• [WORK TO COMPLETE] Please copy all of the data that follows exactly, leaving any pictures out.

*** AVAILABLE DATA Section Begins ***

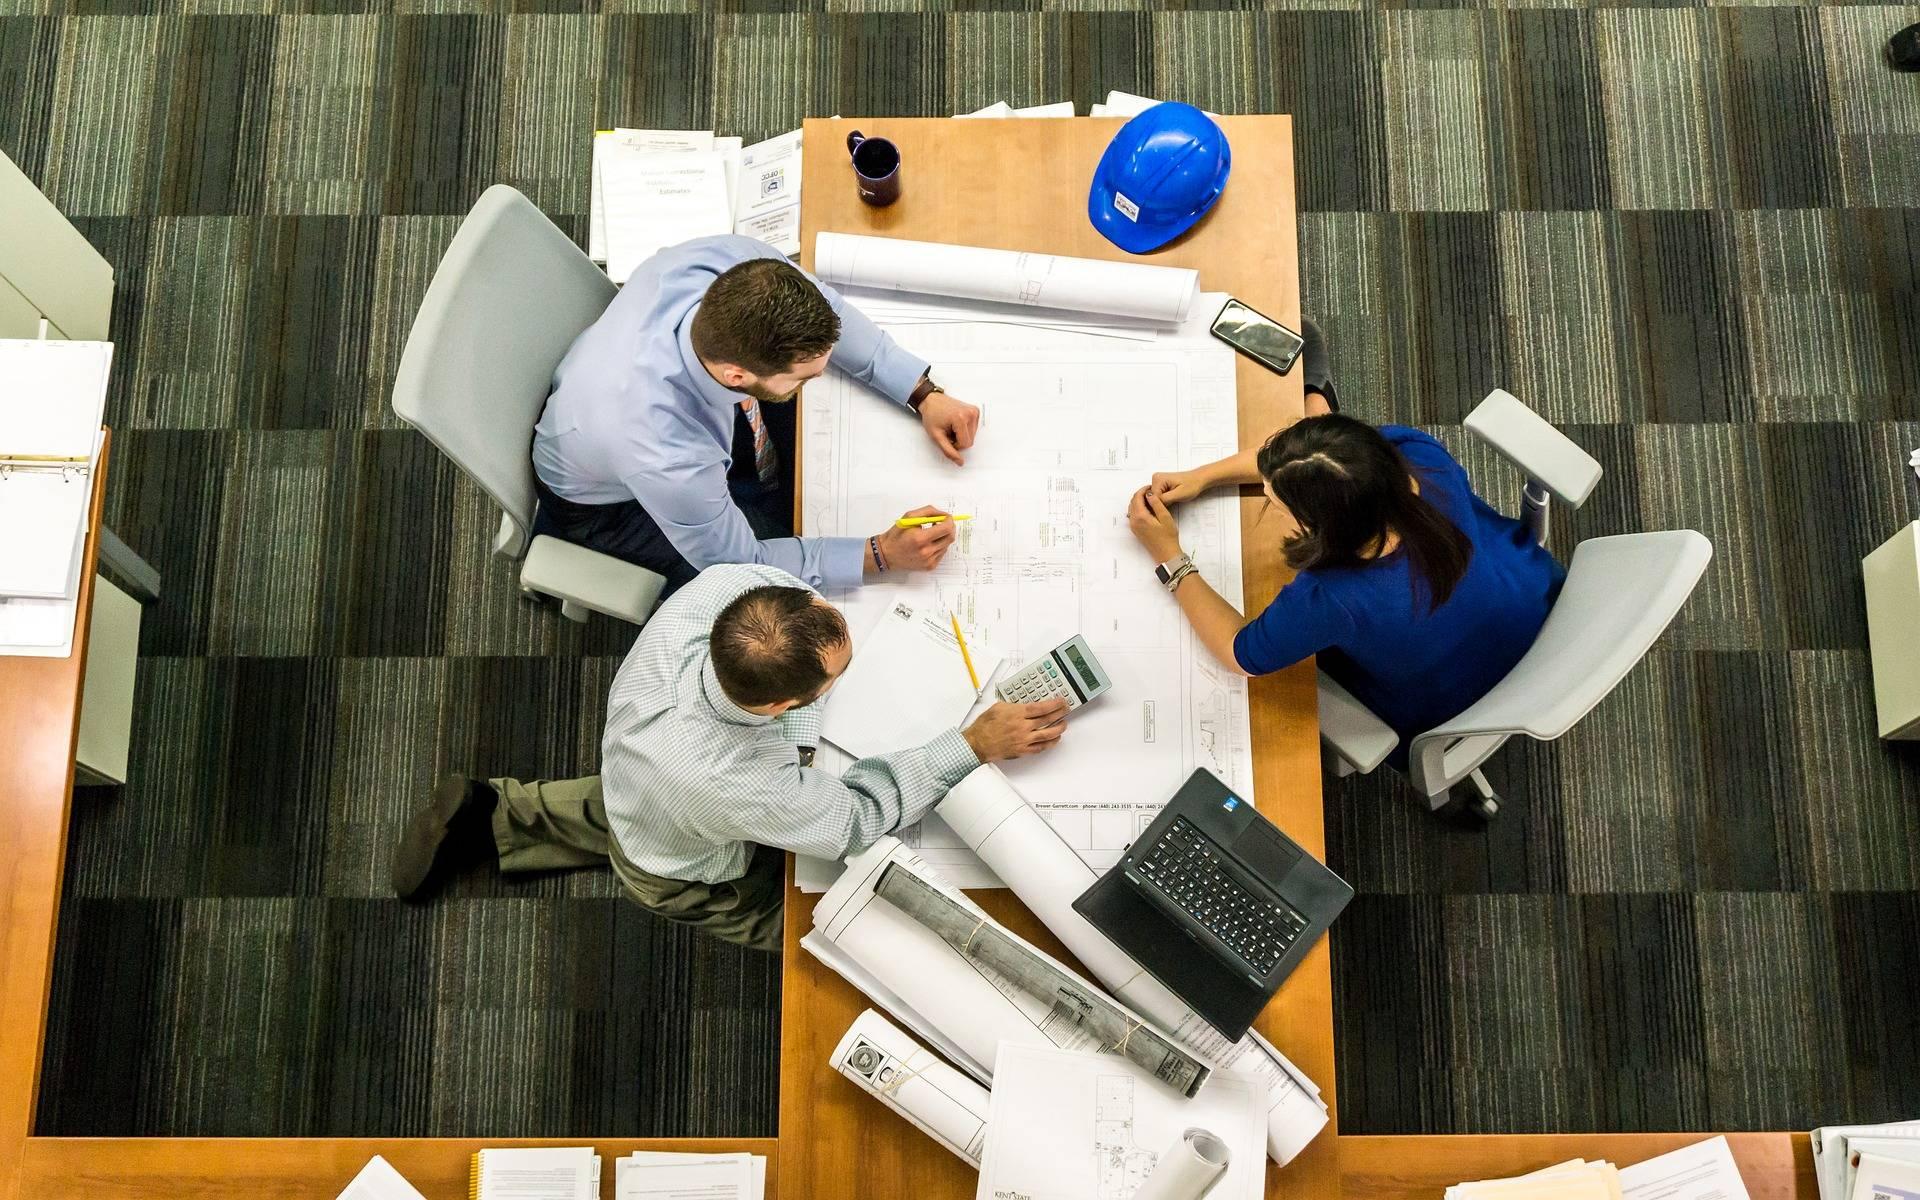 A AGENDA URBANA tem vindo a crescer de uma forma sustentada, procurando disponibilizar cada vez mais serviços no âmbito da sua missão estratégica dedicada aos estudos, projetos e consultoria na área do território, da habitação e reabilitação urbana, assim como ao apoio à gestão de entidades públicas e privadas.
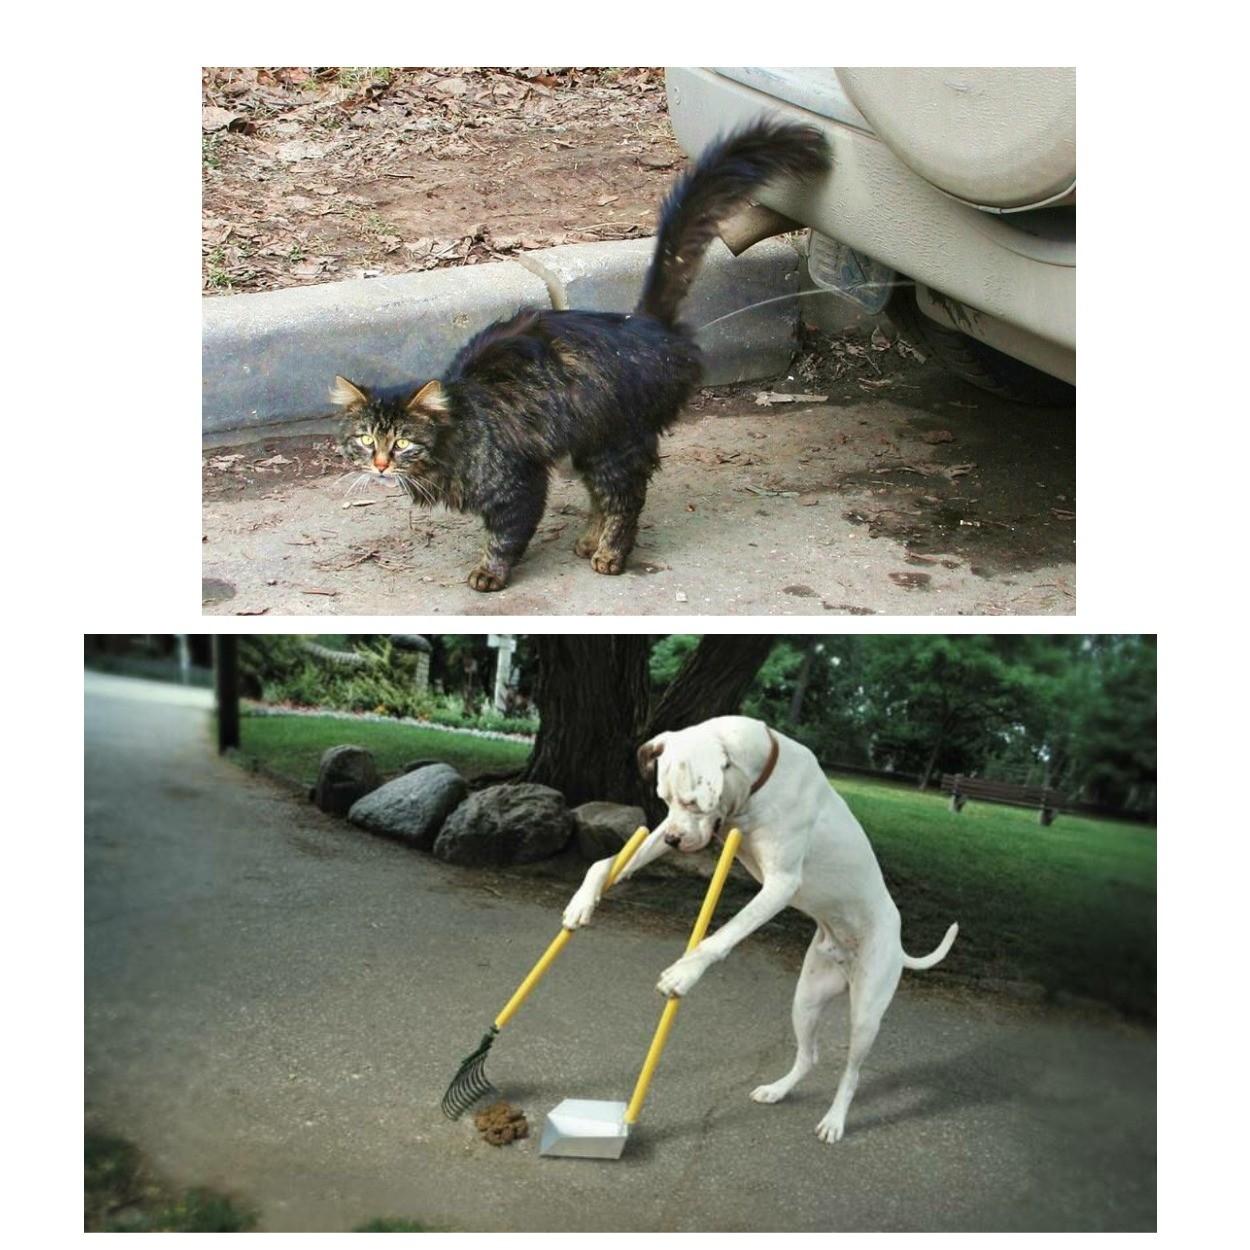 изображение испражнения домашних животных на тротуарной плитке
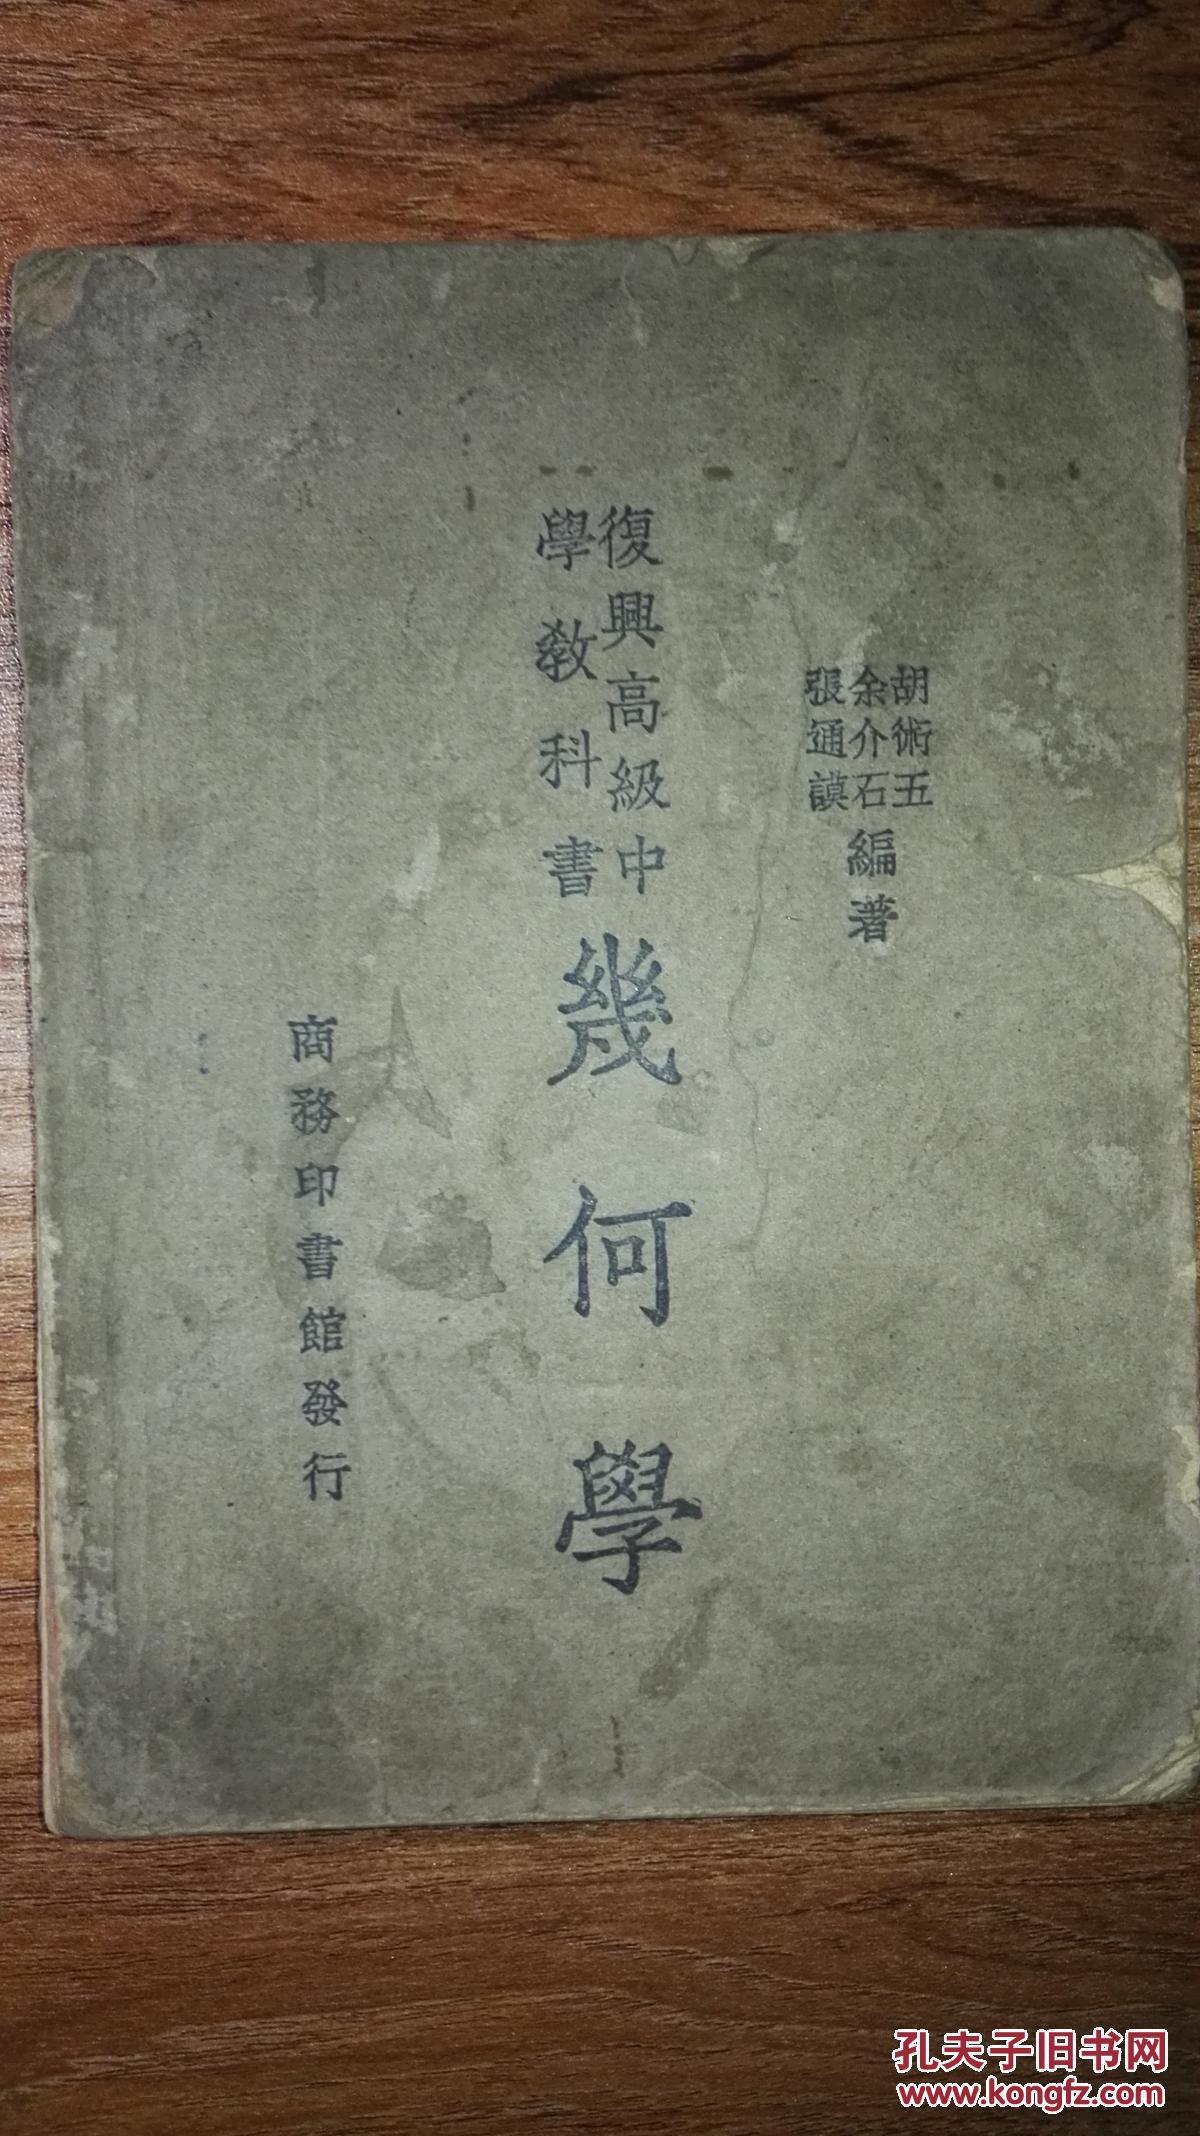 (孔网孤本)民国三十五年商务印书馆高中教材《几何学》
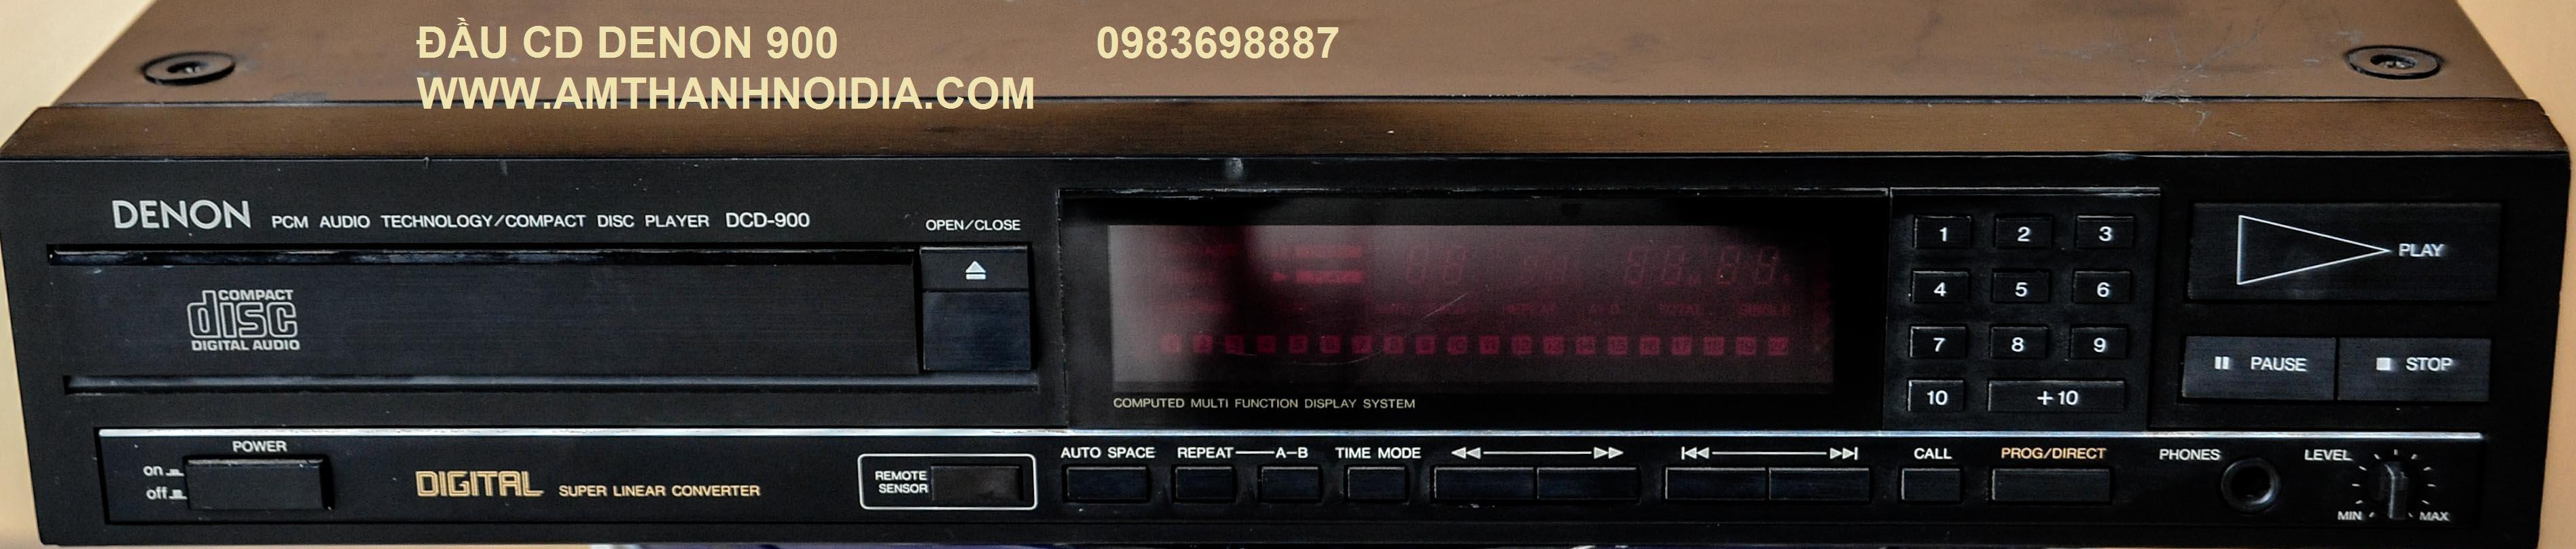 CD DENON 900

*** AVAILABLE DATA Section Ends ***

• [RESULT OF THIS EXERCISE]
 A AGENDA URBANA tem vindo a crescer de uma forma sustentada, procurando disponibilizar cada vez mais serviços no âmbito da sua missão estratégica dedicada aos estudos, projetos e consultoria na área do território, da habitação e reabilitação urbana, assim como ao apoio à gestão de entidades públicas e privadas.
 изображение испражнения домашних животных на тротуарной плитке
 (孔网孤本)民国三十五年商务印书馆高中教材《几何学》
 CD DENON 900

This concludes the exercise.